Select Appropriate Anchor Points
In addition to selecting the right anchorage connector for a particular task, you need to verify that the anchor point is strong enough and placed so it will safely arrest a fall.
“An aspect that is often overlooked is where anchors are located,” says Small. “You want to make sure anchor points are as high as possible so that falls can be arrested at a shorter distance and that you don’t subject yourself to a swing fall.”
ANSI/ASSP Z359.0, Z359 Committee Guidance Document for Definitions and Nomenclature Used in Z359 Fall Protection and Fall Restraint Standards, defines a swing fall as “a pendulum-like motion that occurs during and/or after a vertical fall. A swing fall results when an authorized person begins a fall from a position that is located horizontally away from a fixed anchorage.”
To confirm that anchor points are correct for a particular task, a qualified person can certify that an anchor has the minimum required strength.
“You want to have something that's substantial because the forces can be quite large when someone impacts the anchor,” Small explains. “You can’t just take an anchorage connector that’s rated for 5,000 lbs., fasten it to drywall and think it’s going to hold 5,000 lbs.”
ANSI/ASSP Z359.18 also requires that:
- A connection point support only one user or system at a time.
- A connection point eye on a Type T anchorage connector be a closed eye with a minimum 1-inch inside radius.
- Except for cinching anchorage connectors, anchorage connectors shall not have closed loops that are not intended for, or could be mistaken for, a connection point.
- Anchorage connectors that include an operate gate, rings, buckles, adjusters or other hardware covered by ANSI/ASSP Z359.12, Connecting Components for Personal Fall Arrest Systems, shall use hardware that complies with the requirements of ANSI/ASSP Z359.12.
- Multiple connection points shall only be permitted on tripod and davit style anchorage connectors.

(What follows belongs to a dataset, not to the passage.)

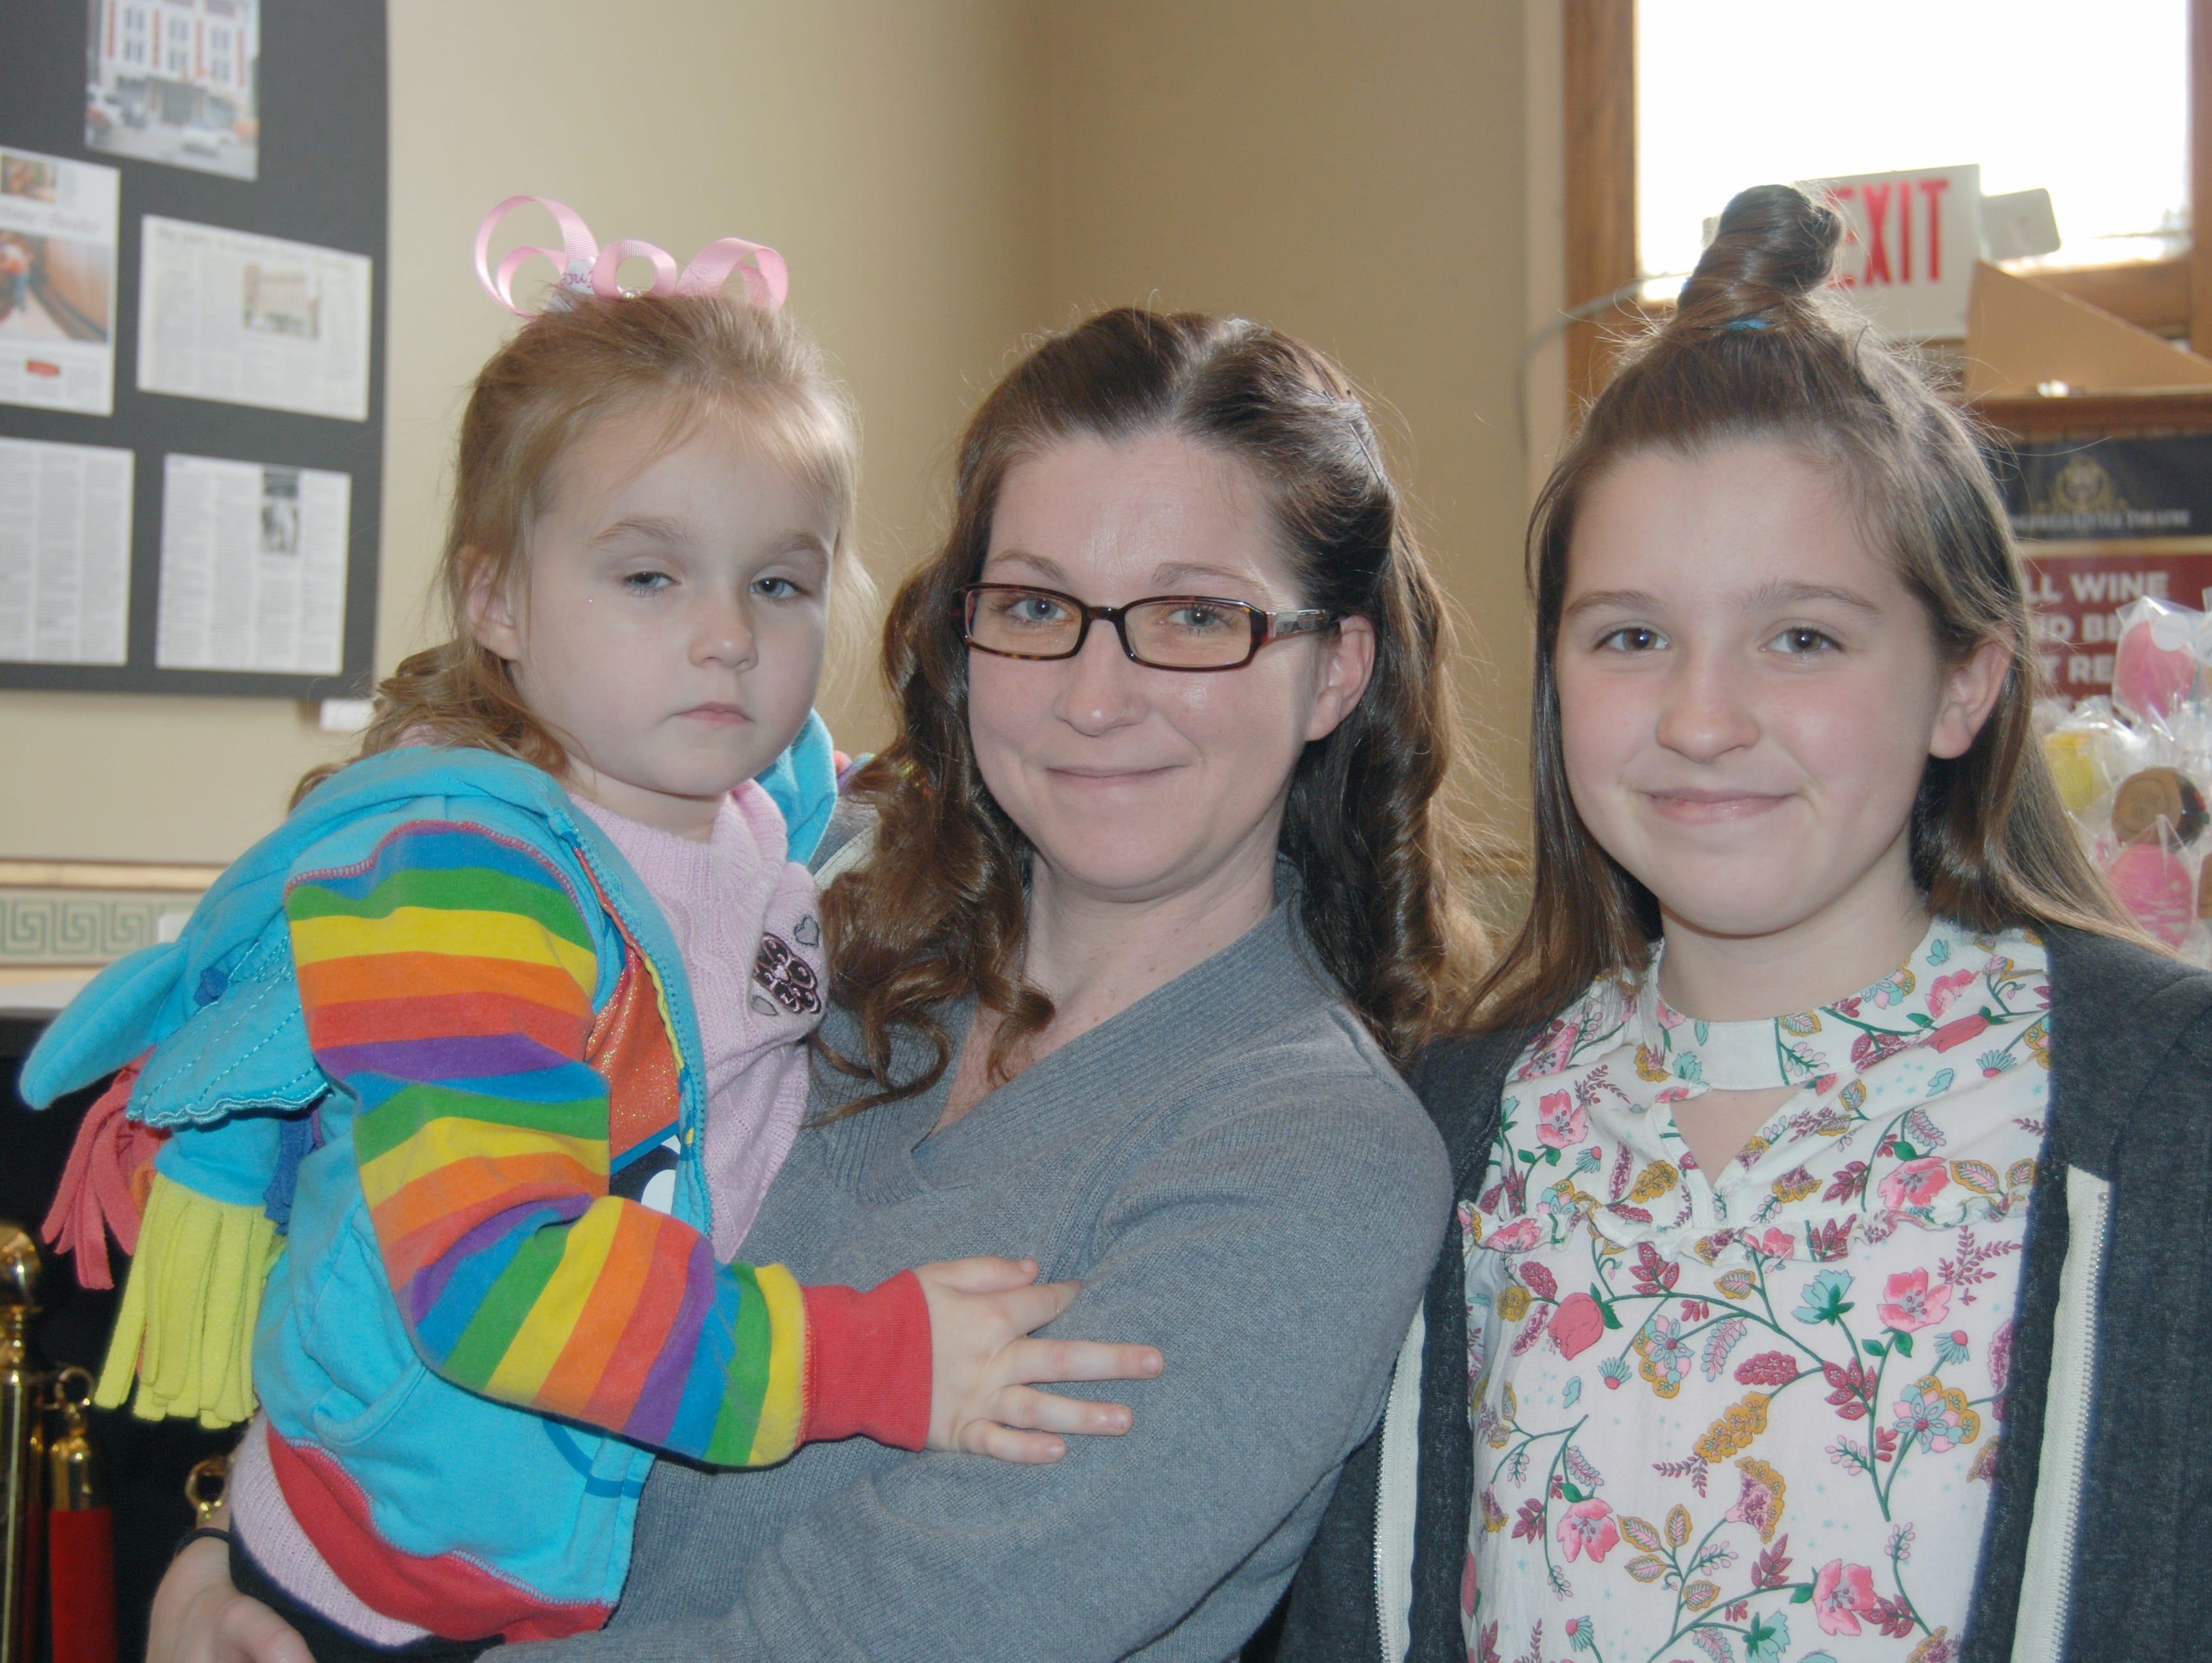 Kayleigh, Colleen and Kimberly David

Use Anchorage Connectors as Directed
Although a simple step, one critical step you can take to keep workers safe at height is to read and understand the instructions for using anchorage connectors correctly. Manufacturers can design anchorage connectors to manage the energy of a fall in different ways, so workers need to understand what an anchorage connector has been designed to do.
“It’s important that end-users read the literature and use anchorage connectors properly,” Small explains. “Workers need to understand how the manufacturer has intended the anchorage connector to be used.”
Small notes that some anchors can screw into soil or metal decking, while others can wrap around trees. These different circumstances leave anchorage connectors open to misuse if workers do not understand how the manufacturer intended them to be used.
“In the field, I see people tying things other than fall protection to anchors out of convenience because they need an anchor for something else,” he explains. “You never want to overload an anchor.”
Furthermore, while the concept of what anchorage connectors do appears to be simple, they are the most complicated part of the fall protection system.
“Anchorage connectors are where the fall protection system interfaces with the real world, and as a result you have hundreds, if not thousands of different ways of connecting,” says Small. “So, they are the most complicated and potentially subject to the most abuse If you take one that's intended for one purpose and use it for a purpose that it's not intended to use for.”